The Re-Use of Urban Ruins PDF Author: Hanna Katharina Göbel
Publisher: Routledge
ISBN: 131763022X
Category : Social Science
Languages : en
Pages : 238

Book Description
How do urban ruins provoke their cultural revaluation? This book offers a unique sociological analysis about the social agencies of material culture and atmospheric knowledge of buildings in the making.
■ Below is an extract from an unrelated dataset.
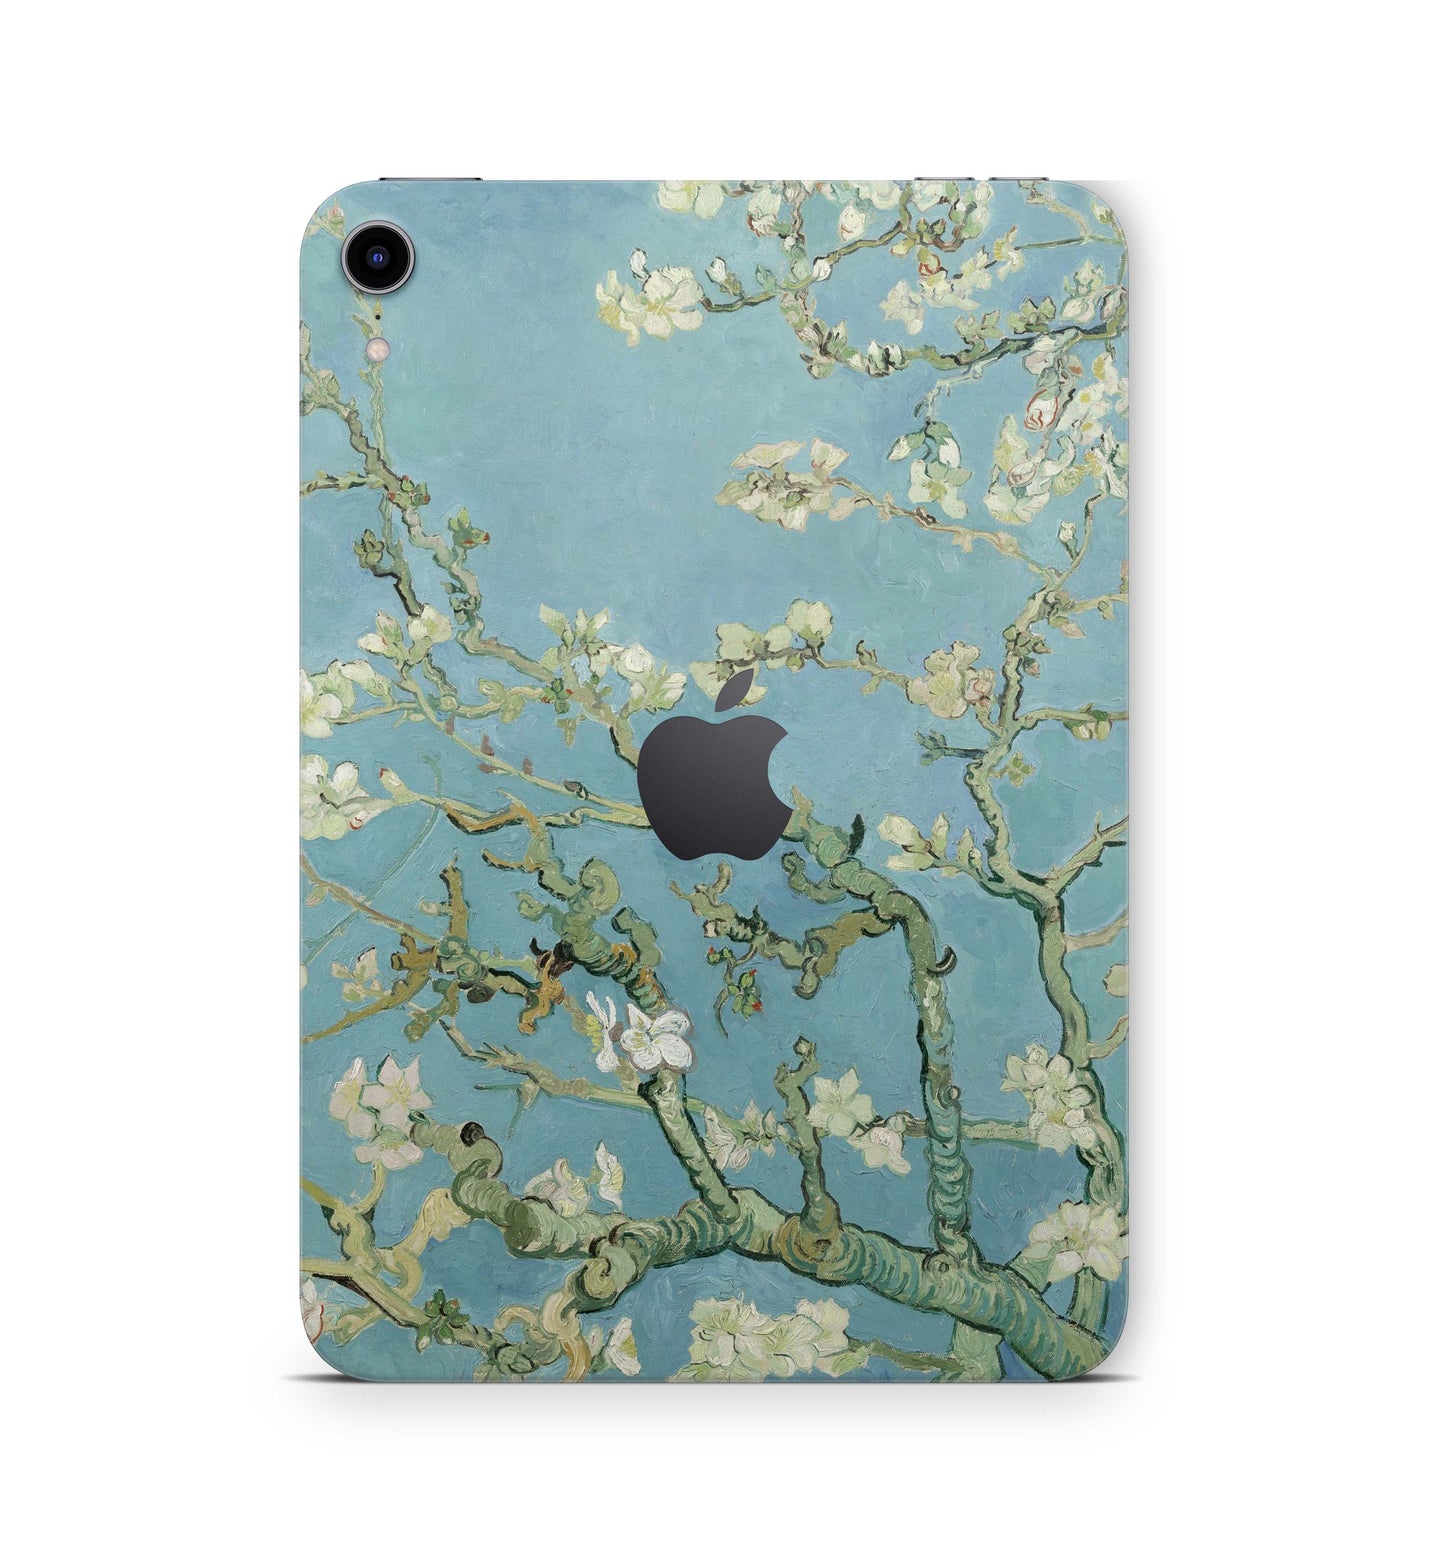 Apple iPad Skin Design Cover Folie Vinyl Skins & Wraps für alle iPad Modelle Aufkleber Skins4u Blossoming

It draws on ethnographic research in Berlin along the former Palace of the Republic, the E-Werk and the Café Moskau in order to make visible an interdisciplinary regime of design experts who have developed a professional sensorium turning the built memory of the city into an object of aesthetic inquiry.

Ruins of Sacred and Historic Lands

Ruins of Sacred and Historic Lands PDF Author:
Publisher:
ISBN:
Category : Antiquities
Languages : en
Pages : 418

Book Description


Ruins of Sacred and Historic Lands, Babylon, Nineveh, Palestine, Egypt, Central America, Italy, etc. etc

Ruins of Sacred and Historic Lands, Babylon, Nineveh, Palestine, Egypt, Central America, Italy, etc. etc PDF Author:
Publisher:
ISBN:
Category :
Languages : en
Pages : 442

Book Description


Spenser's Ruins and the Art of Recollection

Spenser's Ruins and the Art of Recollection PDF Author: Rebeca Helfer
Publisher: University of Toronto Press
ISBN: 0802090672
Category : Literary Criticism
Languages : en
Pages : 409

Book Description
Beginning with the origins of mnemonic strategies in epic tales, Helfer examines how the art of memory speaks to debates about poetry and its place in culture from Plato to Spenser's present day.